Data to examine =>
┄┄┄┄┄┄┄┄┄┄┄┄┄┄┄┄┄┄┄┄

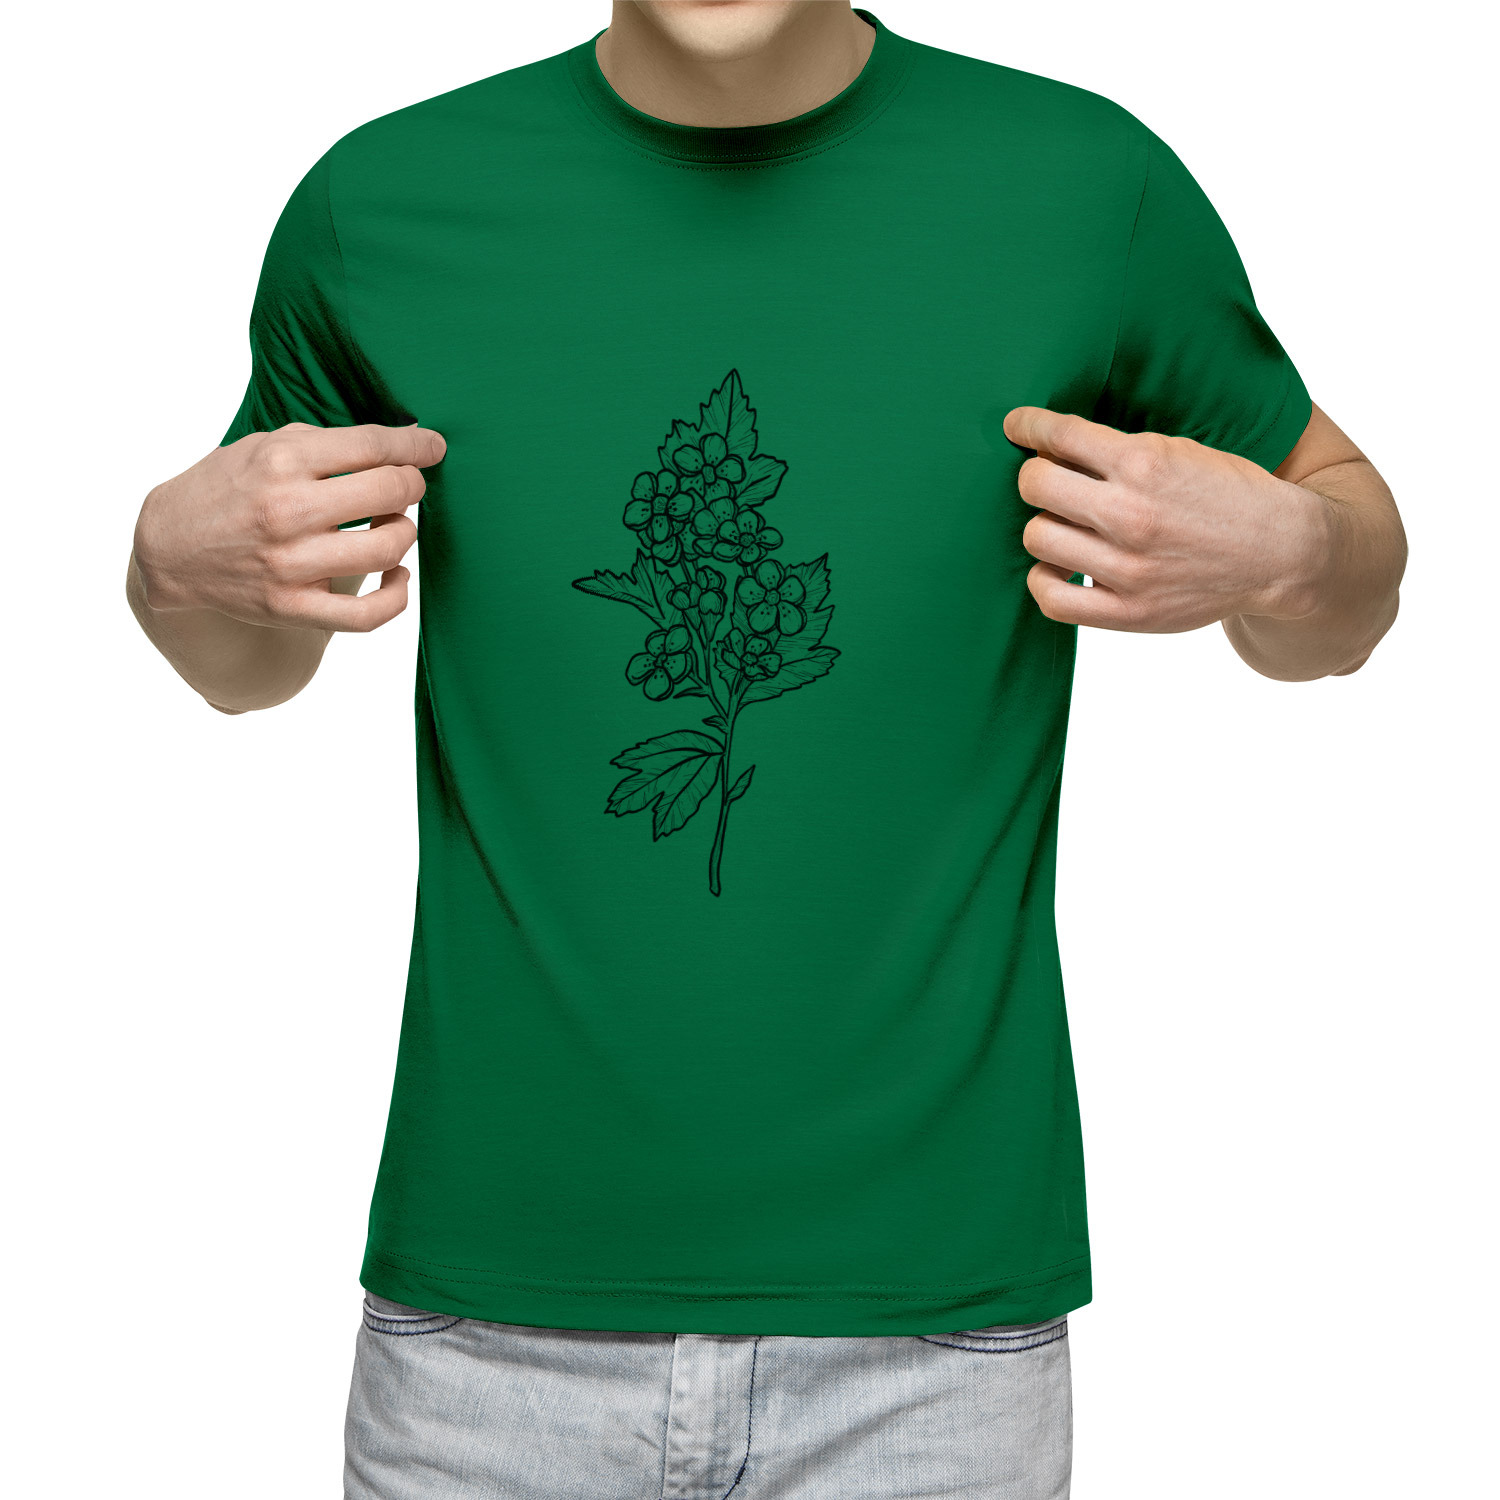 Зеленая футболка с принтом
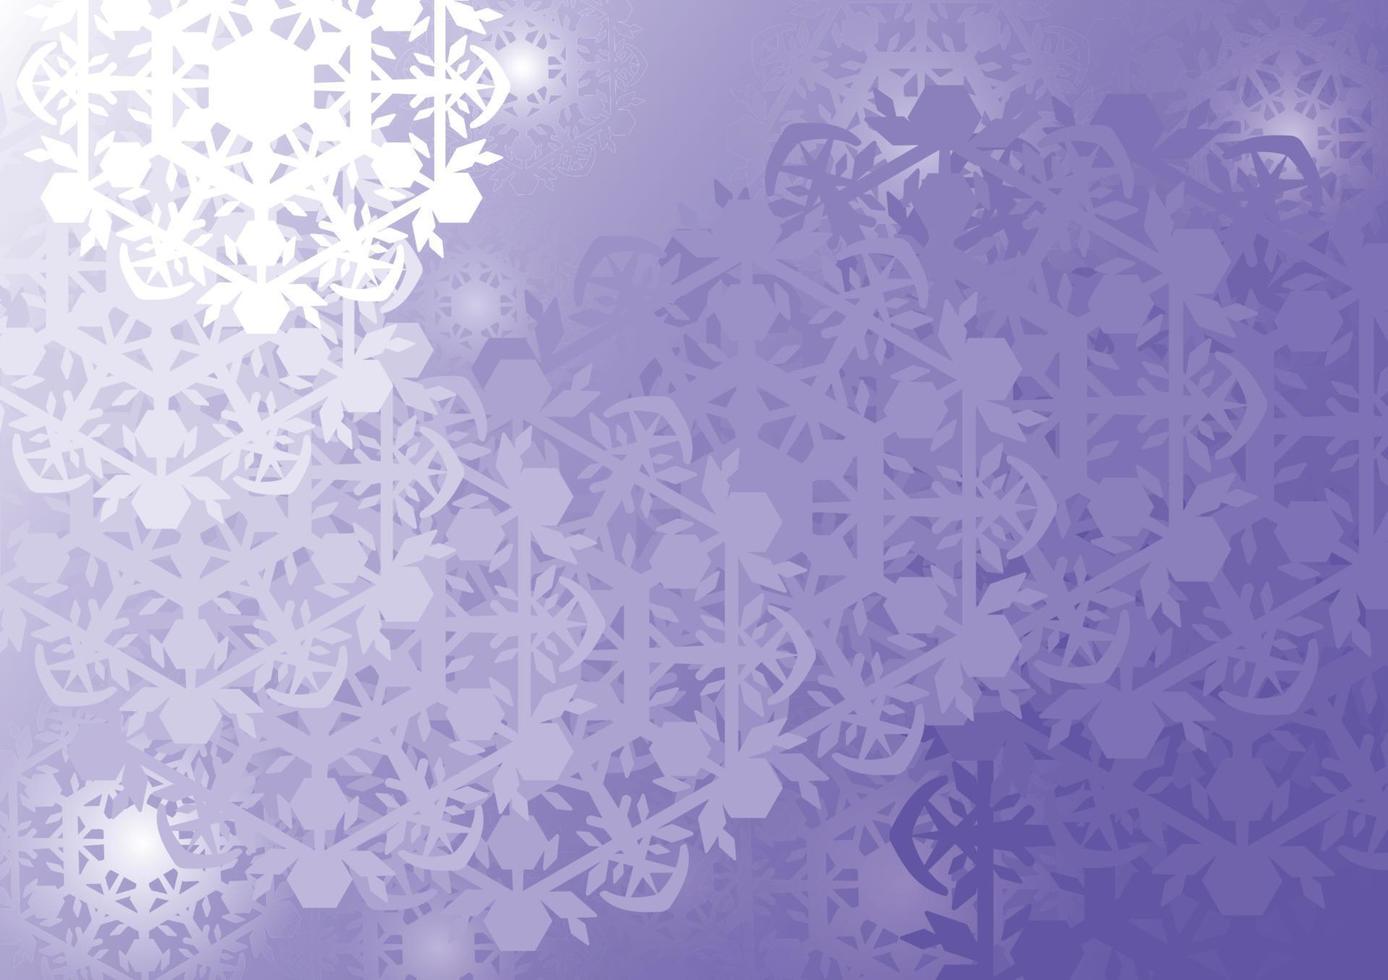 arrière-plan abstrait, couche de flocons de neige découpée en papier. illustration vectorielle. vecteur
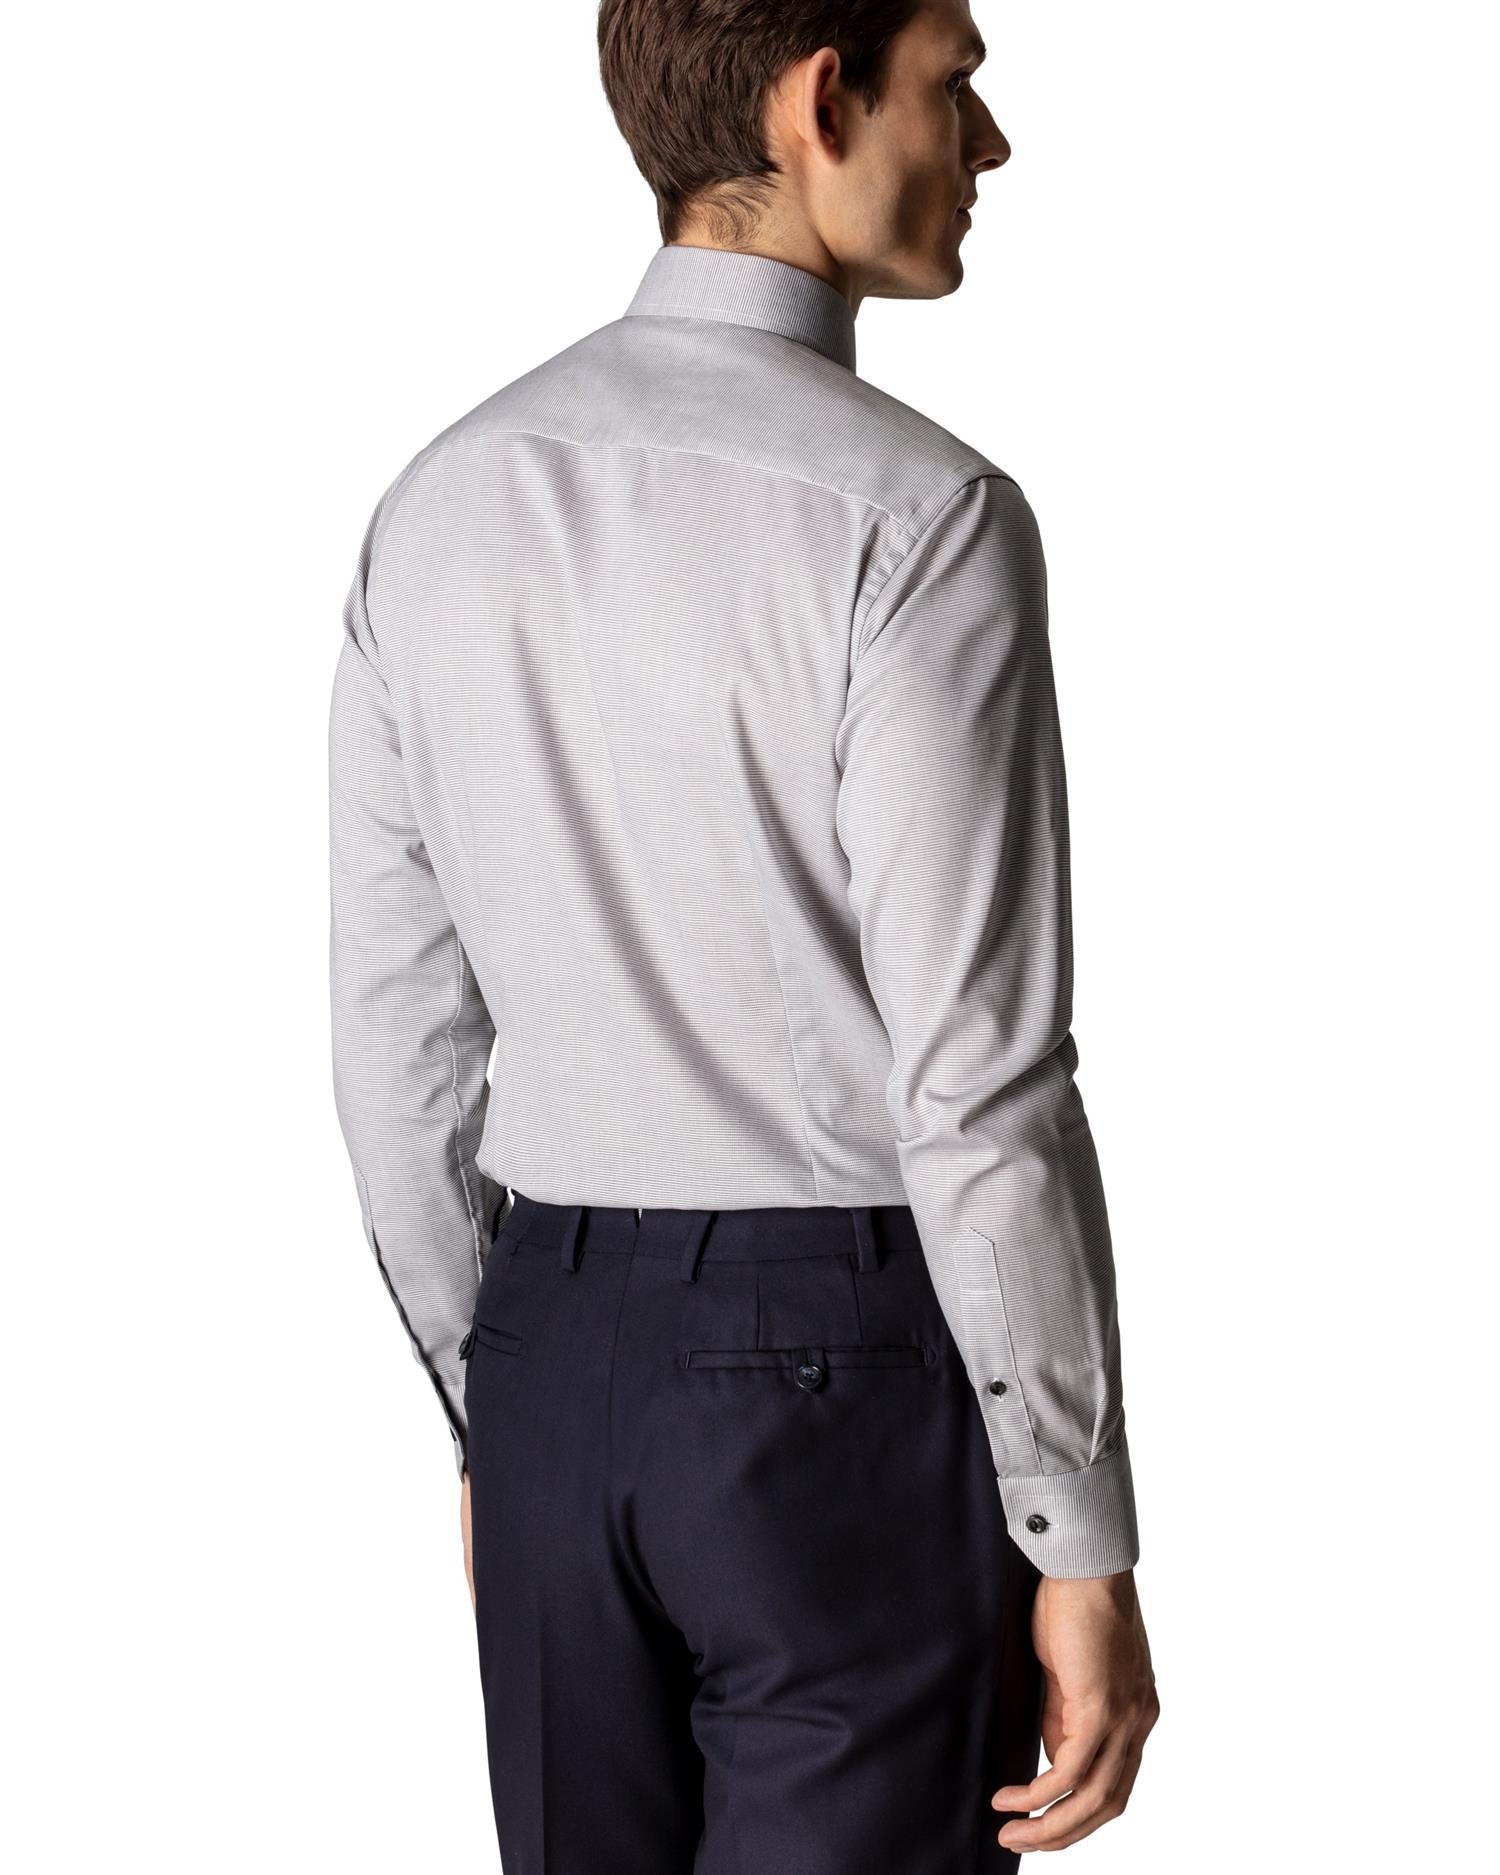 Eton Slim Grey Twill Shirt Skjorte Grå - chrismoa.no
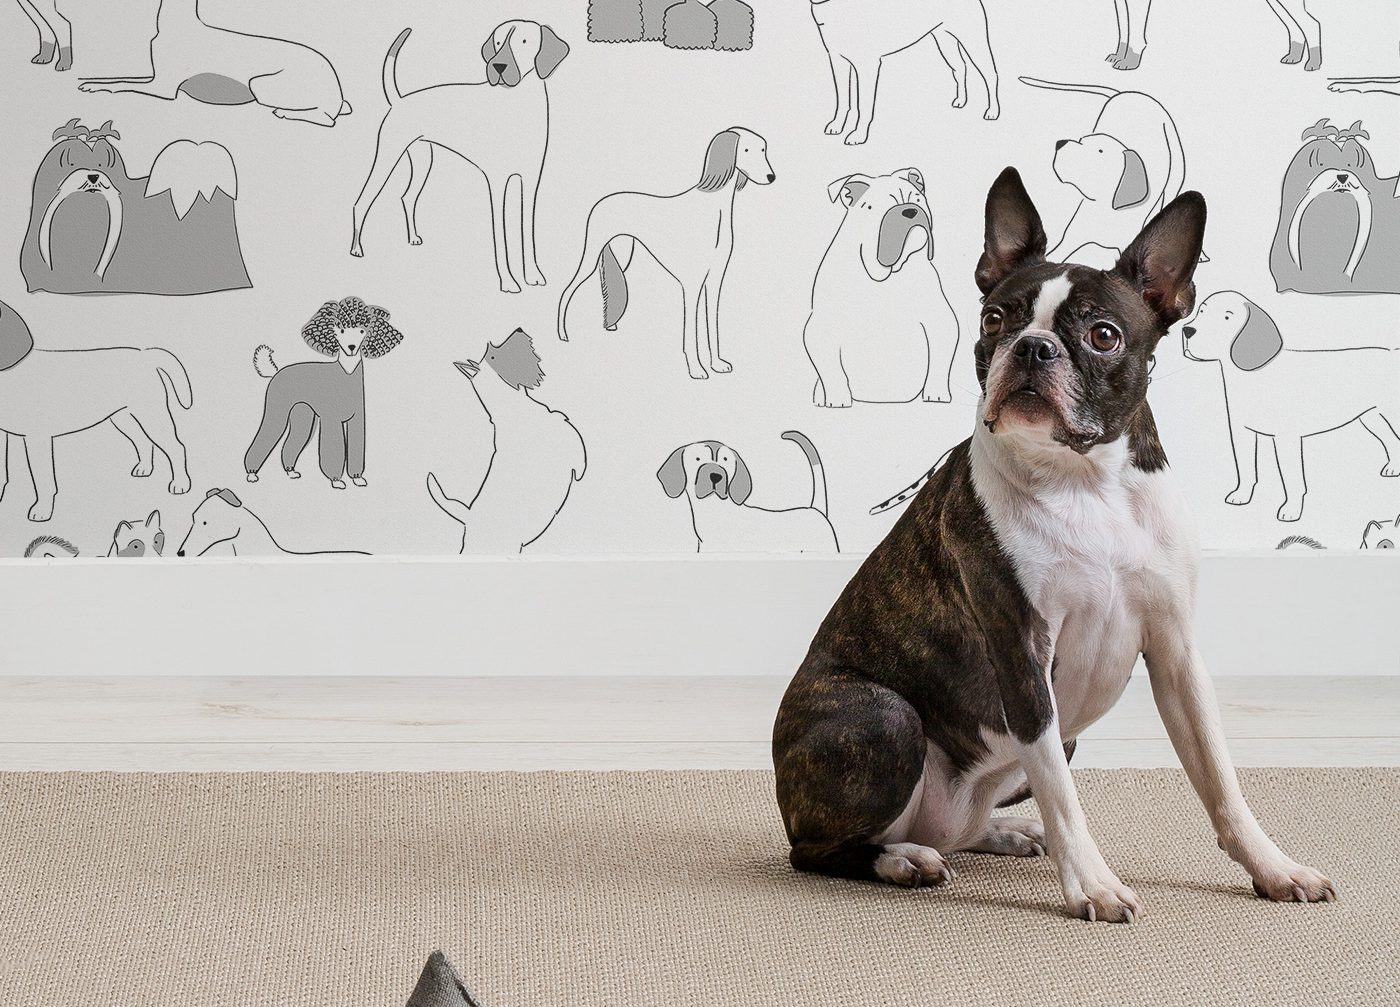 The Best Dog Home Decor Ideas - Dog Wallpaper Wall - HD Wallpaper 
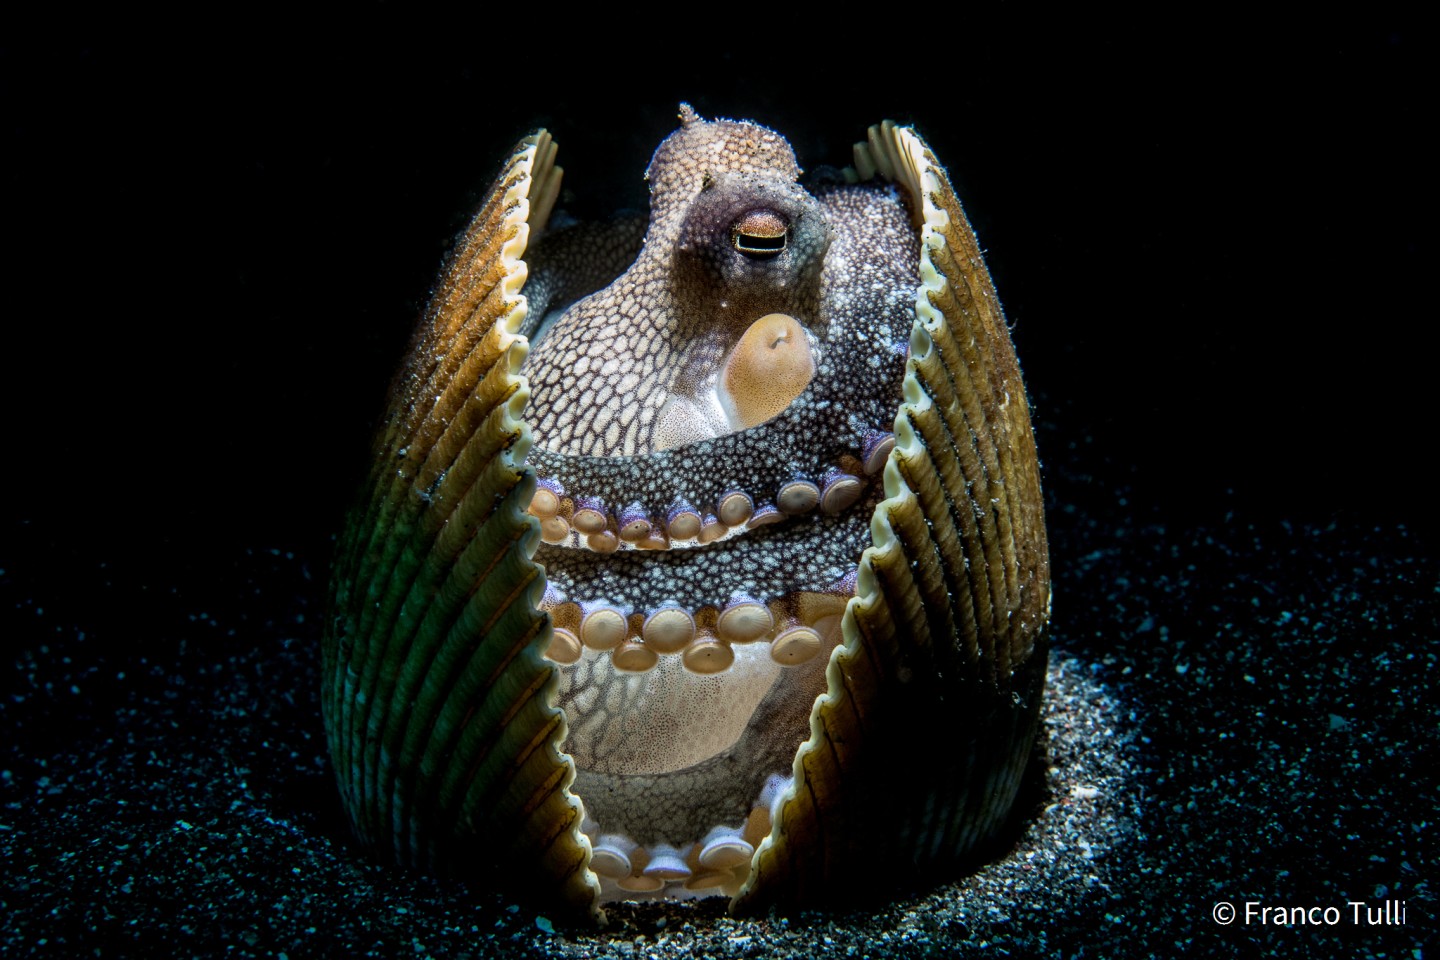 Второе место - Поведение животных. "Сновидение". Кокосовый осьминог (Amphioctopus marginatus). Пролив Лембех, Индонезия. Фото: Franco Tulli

┄┄┄┄┄┄┄┄┄┄┄┄┄┄┄┄┄┄┄┄

Work request => From the line that holds "Eton Slim Grey" to the last line of the data, return those lines exactly and nothing else; both ends count, and pictures stay out.

Reply =>
 Eton Slim Grey Twill Shirt Skjorte Grå - chrismoa.no
 The Best Dog Home Decor Ideas - Dog Wallpaper Wall - HD Wallpaper 
 Второе место - Поведение животных. "Сновидение". Кокосовый осьминог (Amphioctopus marginatus). Пролив Лембех, Индонезия. Фото: Franco Tulli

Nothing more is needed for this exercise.